[Material shown Boundary: Start]
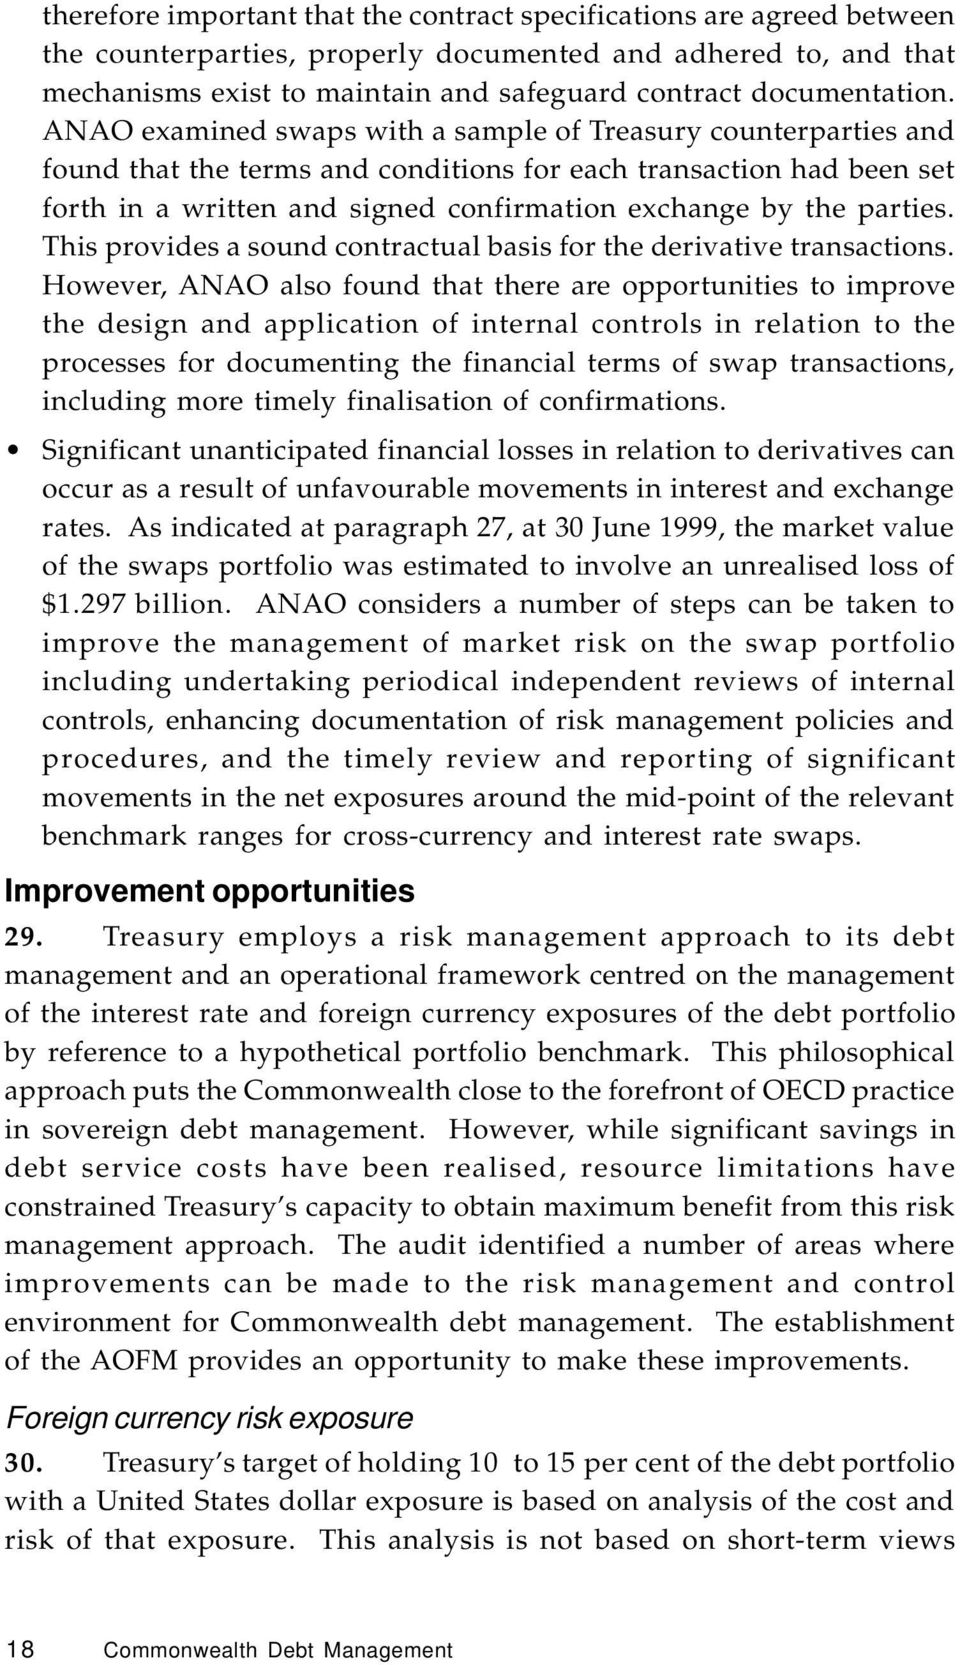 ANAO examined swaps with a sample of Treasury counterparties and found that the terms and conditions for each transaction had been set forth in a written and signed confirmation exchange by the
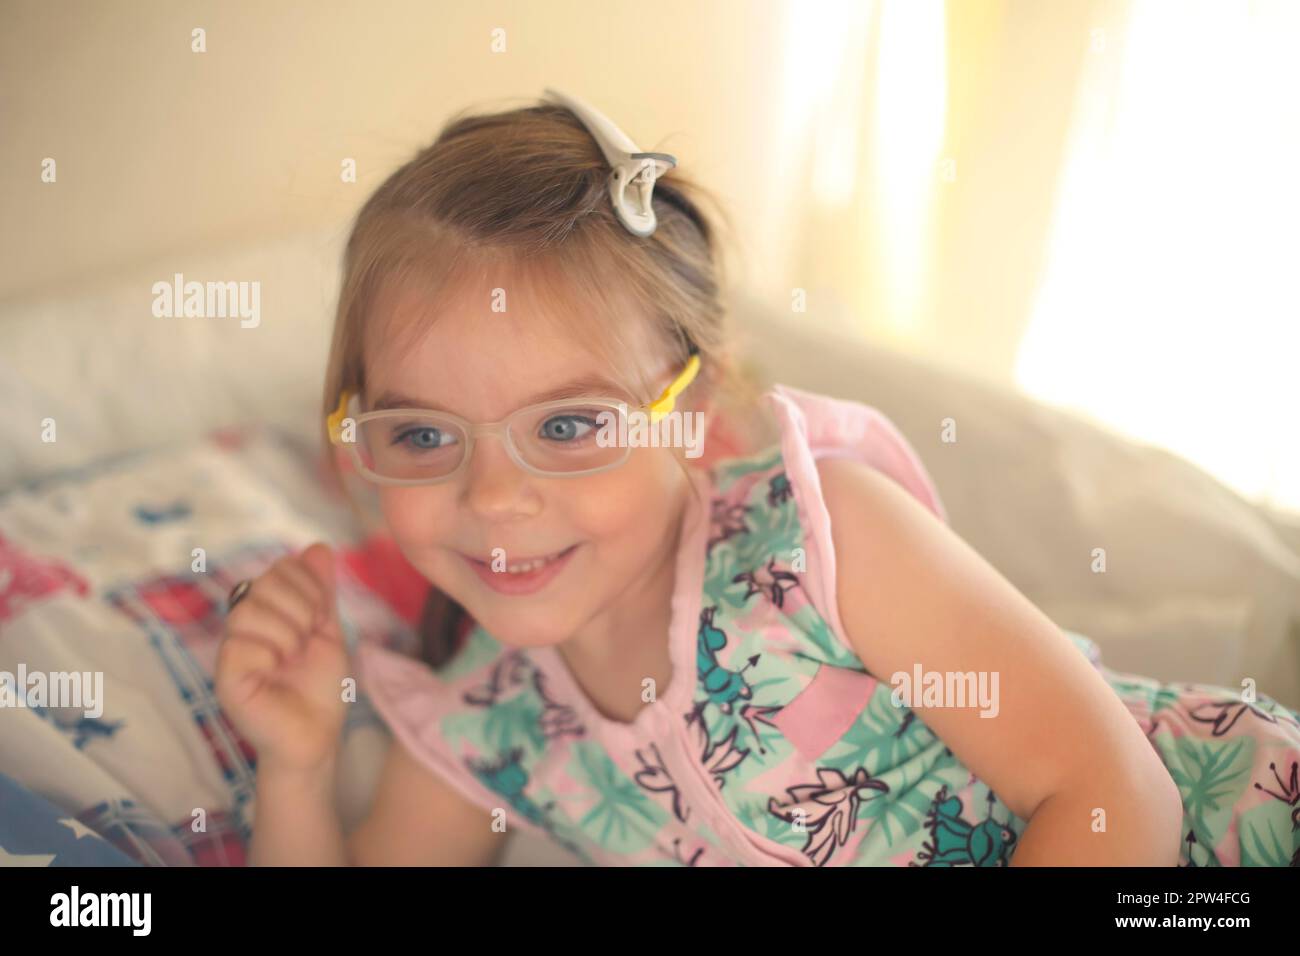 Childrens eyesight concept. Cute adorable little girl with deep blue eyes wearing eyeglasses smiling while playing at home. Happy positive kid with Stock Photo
[Material shown Boundary: End]
[Material shown Boundary: Start]
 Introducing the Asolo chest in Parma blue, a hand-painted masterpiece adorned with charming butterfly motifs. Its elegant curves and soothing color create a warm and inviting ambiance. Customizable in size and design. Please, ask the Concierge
[Material shown Boundary: End]
[Material shown Boundary: Start]
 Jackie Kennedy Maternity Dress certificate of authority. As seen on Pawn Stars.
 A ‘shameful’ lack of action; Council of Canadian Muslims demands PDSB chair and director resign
[Material shown Boundary: End]
**Exercise details**
Your task is to copy only the lines above starting at the one containing "ANAO examined swaps" and ending at the one containing "Childrens eyesight concept.". Copy them exactly, both ends included, and omit the pictures.

**Answer to the problem**
 ANAO examined swaps with a sample of Treasury counterparties and found that the terms and conditions for each transaction had been set forth in a written and signed confirmation exchange by the
 Childrens eyesight concept. Cute adorable little girl with deep blue eyes wearing eyeglasses smiling while playing at home. Happy positive kid with Stock Photo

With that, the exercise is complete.